How to write a eulogy

The weight of the occasion and the responsibility one feels when needing to deliver a eulogy can be overwhelming. It’s not easy to find the right words that can appropriately summarise a person’s entire life and then deliver a speech in front of family and loved ones in a highly sensitive environment.

That’s why Apia Funeral Insurance has put together this guide that can help you overcome your nerves, avoid making the most common mistakes, and deliver an eloquent eulogy.

What is a eulogy?

A speech made to pay a tribute to someone who has passed away is called a eulogy. It’s usually presented during a funeral service (though not necessarily). The speech becomes the medium through which you get to bid farewell to your loved one, by sharing your reflections and anecdotes of what you remember of the person who has passed away.

Tips on how to write a eulogy

It’s challenging to stand up and speak in front of a large group of people. And things can get tricky when it’s such a solemn occasion, where saying the wrong thing or being unprepared might come across as disrespecting the memory of the person who has passed away. It’s also possible that you might be overwhelmed with emotion, which is understandable. Below are some tips that you can keep in mind if you’re asked to present a eulogy. Remember, preparation is key.

1. Find the right beginning

As is the case with all speeches, knowing how to begin can feel like the hardest bit to crack about a eulogy. This is your chance to share stories and bits and pieces of history that you have shared with the loved one whose memory you’re honouring. It’s important to keep in mind that there is no way that you can capture each and every detail of someone’s life. So, you can be selective, and you shouldn’t worry if you can’t include everything.

Don’t stress about finding the perfect beginning. There is no such thing. Think back about the time you’ve spent together with the loved one being honoured. Talk to their close friends and relatives and try to see what recollections they have about them. During this process, you’ll notice that some common themes will emerge that can help you structure your narrative and tell your story with a cohesive beginning, middle and end.

2. Focus on the positives

As we go through life, there are both joyful and sorrowful moments. And it’s likely that you would have memories that encapsulate joy and sorrow about the time you’ve spent with the deceased. As much as possible, try not to dwell too much on the negative experiences. Emphasise the positive and uplifting memories as the highlights of your speech.

You can do this by sharing stories about the positive impact the person had on you and on the lives of loved ones. You can also share achievements they were most proud of and the generous contributions they have made in improving and supporting the lives of others around them.

3. Storytelling is key

As with any speech, it’s your ability to be a good and effective storyteller that can ensure your eulogy hits the right chords. Stories can form an important part of the healing process for all present. It’s good to choose from a wide selection of anecdotes and pick those that you feel describe the true essence and character of the person you’re honouring. Your stories can be a medium for others to reminisce about their own fond memories about the deceased and become an important part of sharing grief in a collective way.

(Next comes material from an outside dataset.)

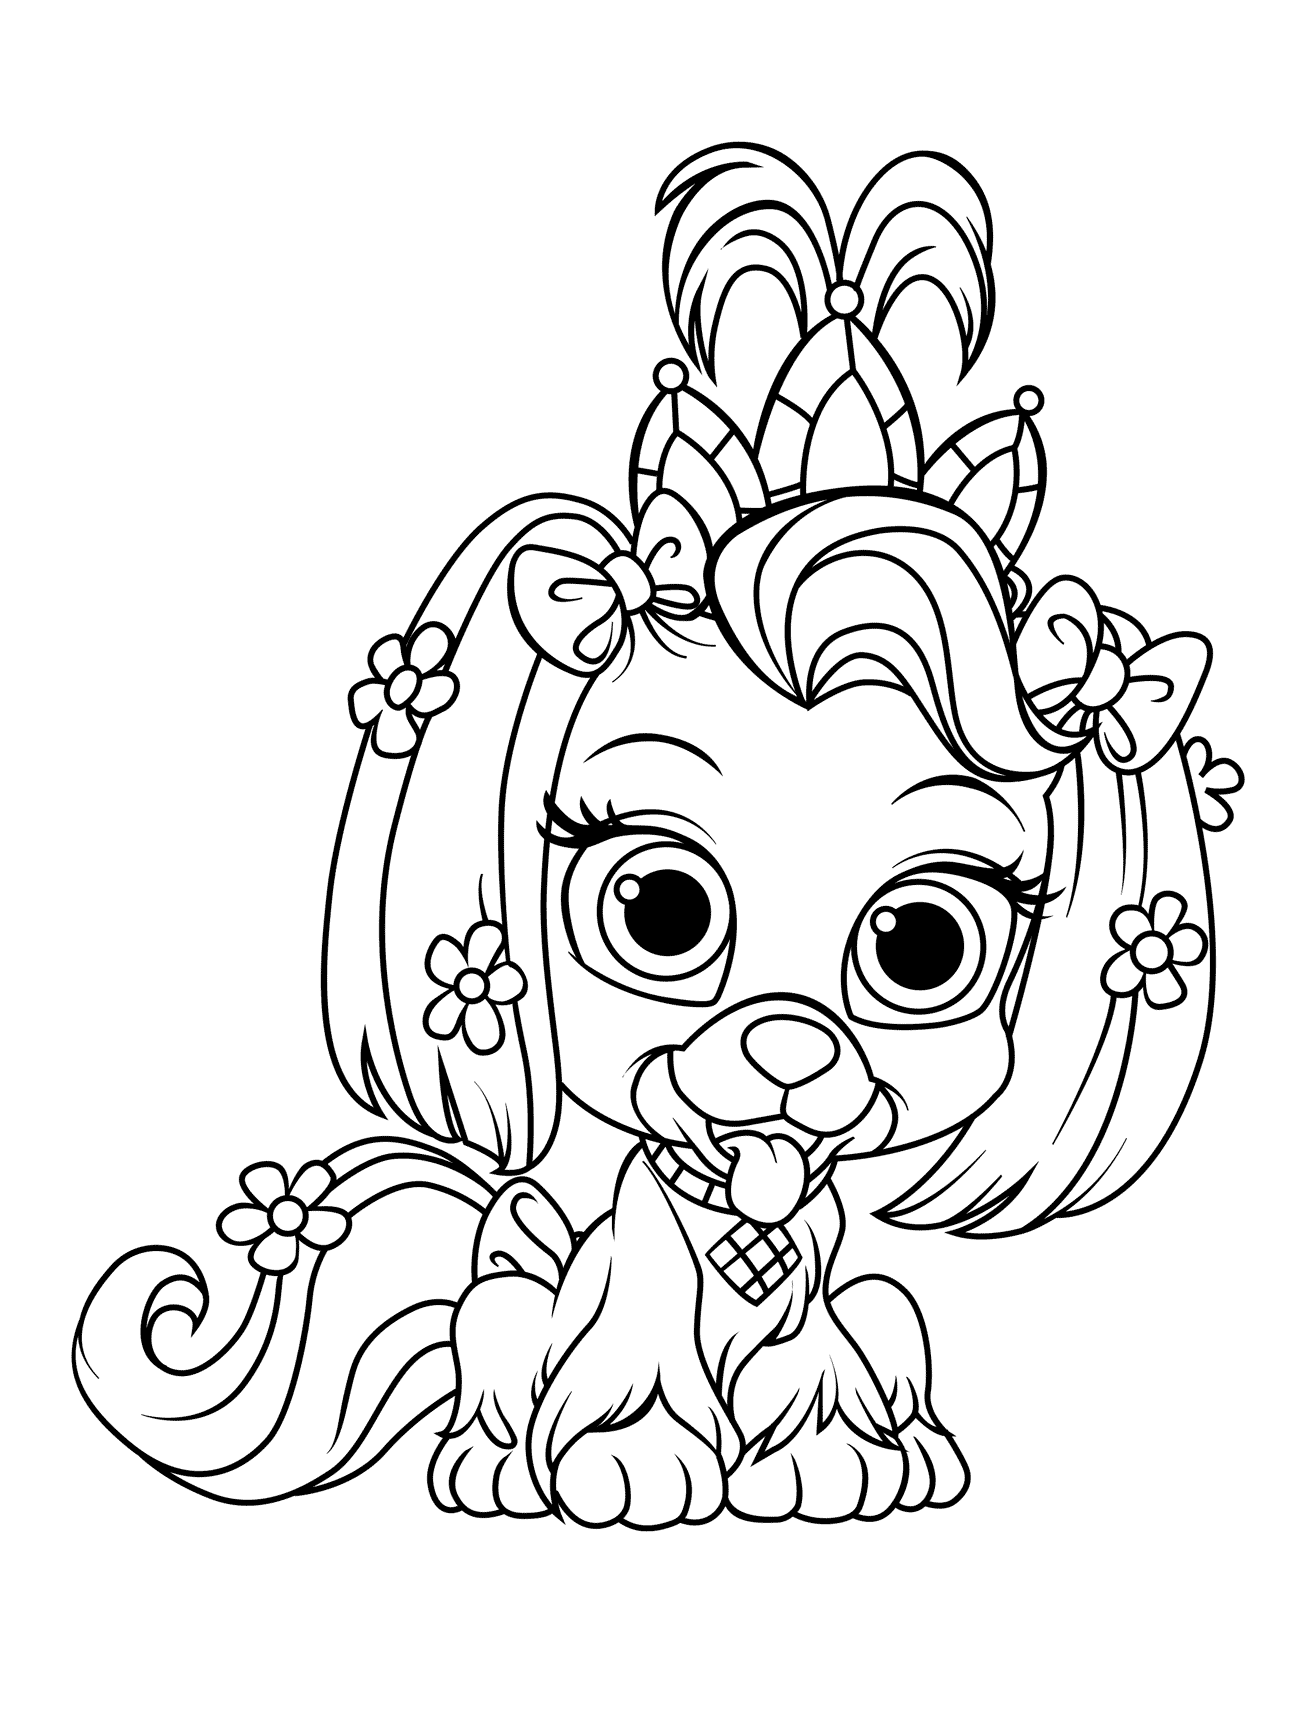 Coloring page - Puppy Chamomile
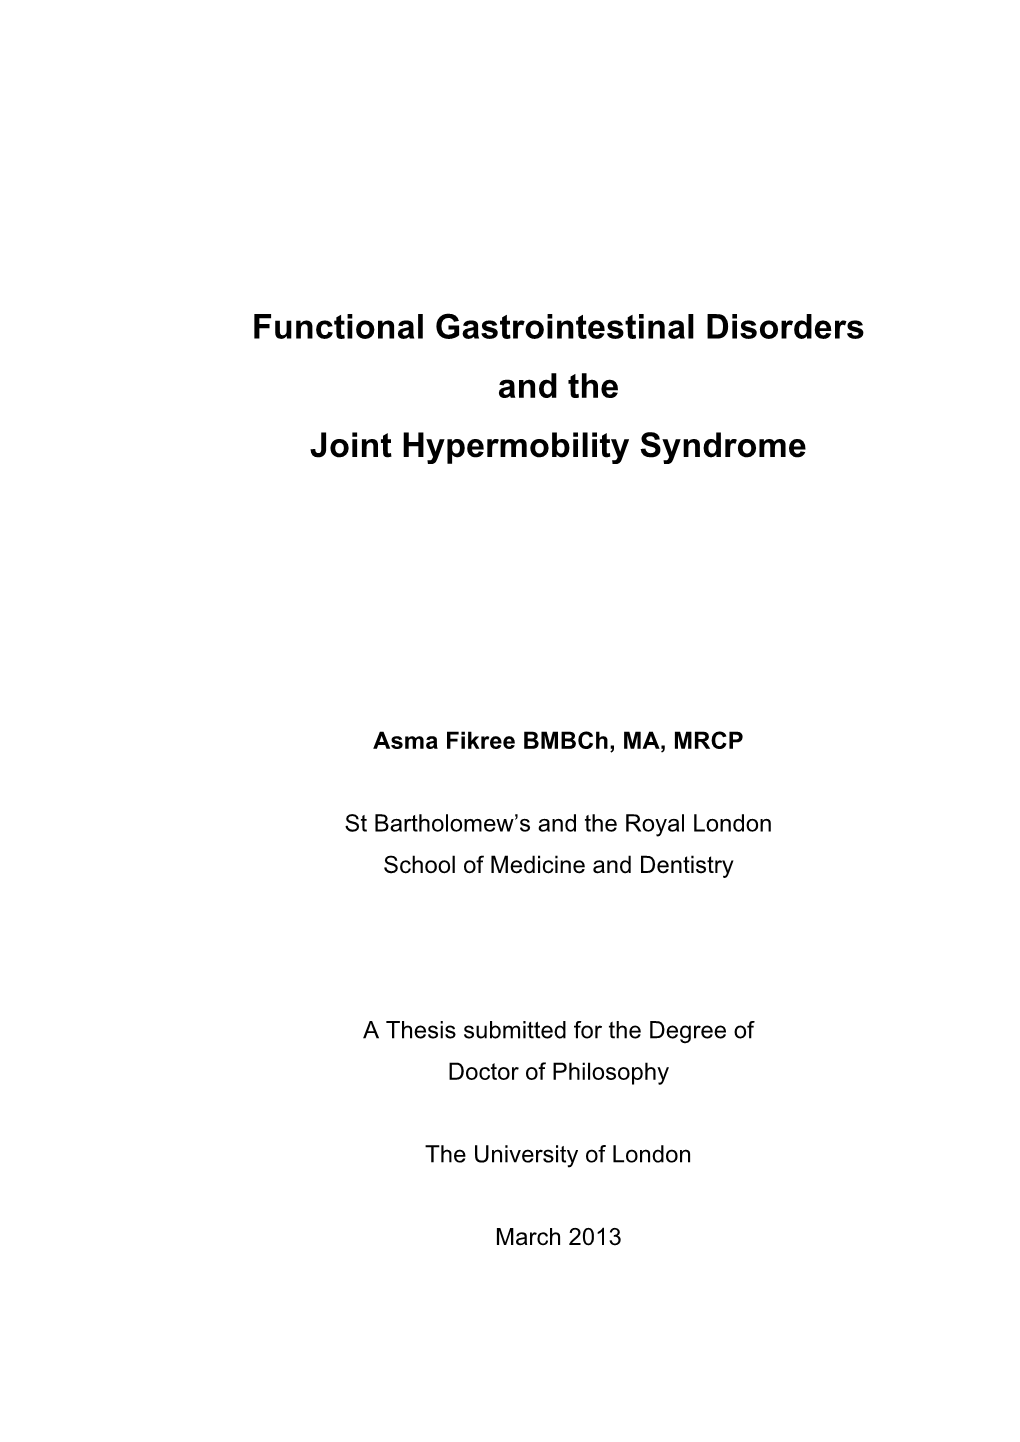 Functional Gastrointestinal Disorders and the Joint Hypermobility Syndrome

What to include in a eulogy?

Important names, dates and their significance

Begin by introducing yourself and explaining how you’re connected or related to the loved one you’re honouring. This sounds simple, but you’ll be surprised how easy it is to overlook this basic step.

Go on to provide the full name, place and date of birth of your loved one. Then acknowledge the parents of the loved one with their names. You can also mention any other significant people in their life at this point such as their partners, children, siblings and other lifelong friends. Acknowledging all these people by name allows the tribute to be a collective and shared experience.

Work and education history

Mention the school your loved one went to and give some background about their favourite subjects. Were they interested in the arts or did they have a scientific leaning? Mention any further educational qualifications and any other notable awards they received.

You can also give a brief summary of their working life but remember to not make it sound like a CV. Include only those moments that your loved one was most proud of.

Interests and hobbies

Mention what your loved one was like outside their working life. What were their interests and hobbies? Did they like to be outdoors and travel or were they more of a bookworm? This will help give a more well-rounded perspective on their life.

Bring it all together

Now that you’ve got all the elements you need to tell your story, you need to bring it all together. It doesn’t have to be a speech without any visual aid or cues. You can support your anecdotes with a photo slideshow filled with relevant images that help visualise the story you are telling.

Prepare beforehand and keep it short

The one thing you should absolutely NOT do is turn up unprepared for your eulogy and start rambling. Always prepare and rehearse your speech beforehand and keep it succinct: three to five minutes is ideal. You can also print a copy of your eulogy and keep it on hand to make it easier if you feel overwhelmed.